¿Cuesta algo ser beneficiario?
No, ser beneficiario de Continuamos es completamente gratis y no te obliga a nada. No tienes que pagar cuotas, ni hacer donativos ni nada.
Recuerda que en la asociación trabajamos para los beneficiarios, ellos son el motivo de nuestra existencia.
¿A qué me compromete ser beneficiario?
Ser beneficiario de continuamos no te compromete a nada, si cumples los requisitos previos y seleccionamos tu candidatura tendrás la oportunidad, si surge una oferta laboral para tu perfil, de participar en el proceso de selección, si no quieres participar puedes rechazarlo.
Evidentemente si después de darte de alta como beneficiario encuentras un trabajo por tu cuenta sólo te pedimos que nos lo indiques para darte de baja como posible candidato.
¿Qué tengo que hacer para tener más oportunidades?
No puedes hacer nada, un comité se encarga de elegir a los mejores candidatos para cada oportunidad laboral que pueda surgir en función de su perfil y experiencia profesional. También se tendrán en cuenta criterios adicionales en caso de igualdad de candidatos, como puede ser la antigüedad como beneficiario. Por eso te pedimos que si consideras interesante esta iniciativa te des de alta cuanto antes.
¿Cuándo me daréis un trabajo?
Pues vamos a serte sinceros, no lo sabemos, lo que sí sabemos es que vamos a hacer todo lo que esté en nuestras manos y nos permita el tiempo y los recursos disponibles para conseguir la mayor cantidad de puestos de trabajo para nuestros beneficiarios, tanto mediante proyectos propios como a través de ofertas de empleo que podamos conseguir gracias a los contactos de los socios o por nuestras propias gestiones.

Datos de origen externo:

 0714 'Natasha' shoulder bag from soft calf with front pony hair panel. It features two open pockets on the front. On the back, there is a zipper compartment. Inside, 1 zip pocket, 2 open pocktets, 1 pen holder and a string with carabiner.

¿Sois como una ETT o una empresa de selección?
La primera diferencia, y más evidente, es que Continuamos no tiene ánimo de lucro, una empresa sí lo tiene y eso lo cambia todo.

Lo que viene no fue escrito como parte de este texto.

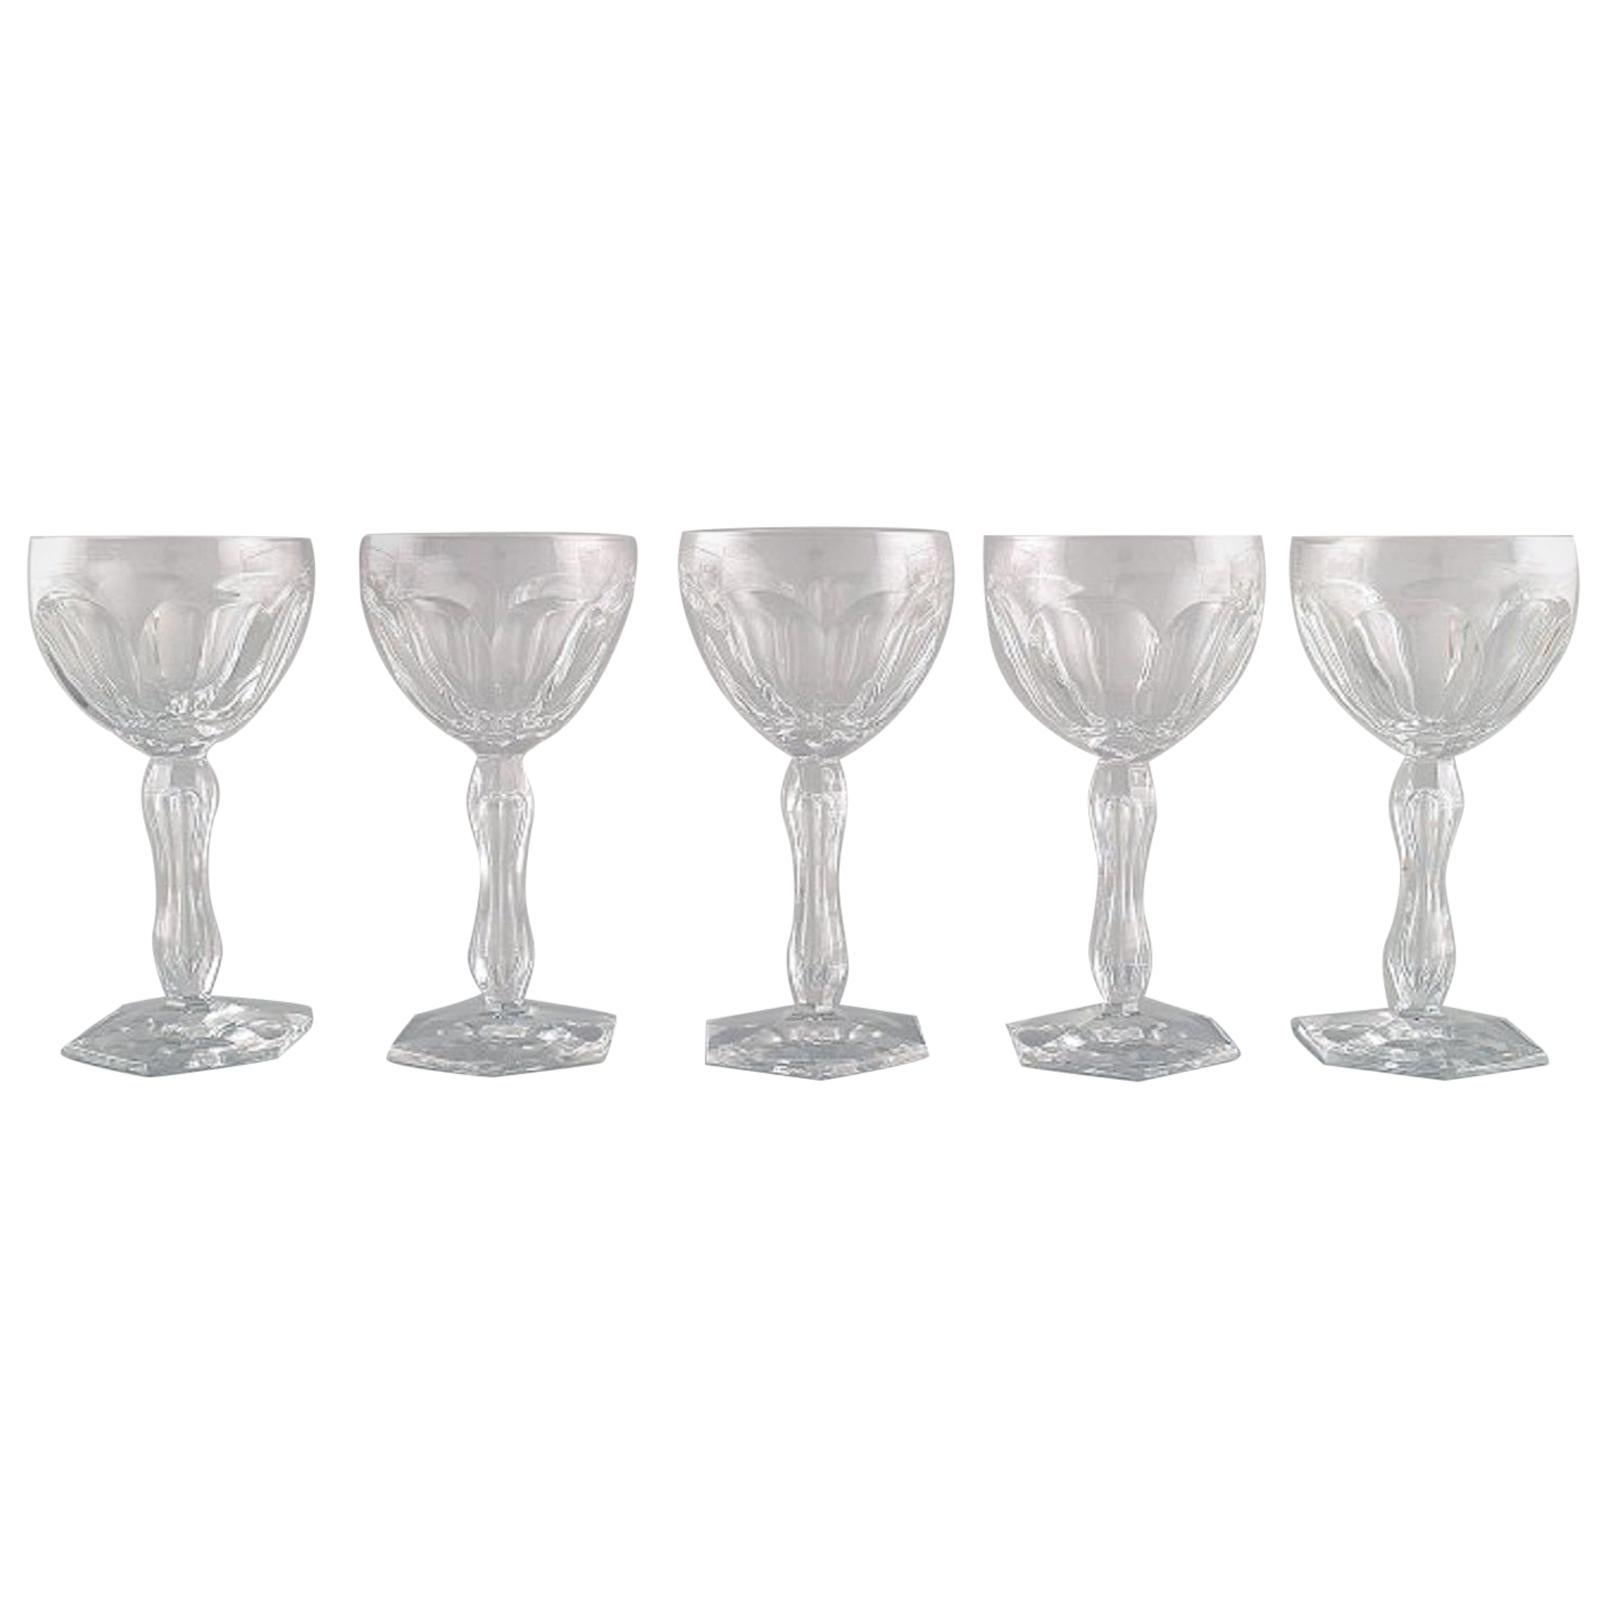 Val St. Lambert, Belgium, Five Lalaing Glasses in Mouth Blown Crystal Glass

La segunda diferencia es que nosotros buscamos activamente, o los generamos con proyectos, los puestos de trabajo para los beneficiarios.
La tercera diferencia, fundamental, es que nosotros no contratamos directamente, es la empresa final la que contrata al beneficiario, ya sea mediante un contrato laboral clásico como mediante la prestación de servicios profesionales (de forma individual o en equipos) en forma de régimen de autónomos.
Como es lógico, para proponer un candidato hay que hacer una selección, ese es el único parecido que tenemos.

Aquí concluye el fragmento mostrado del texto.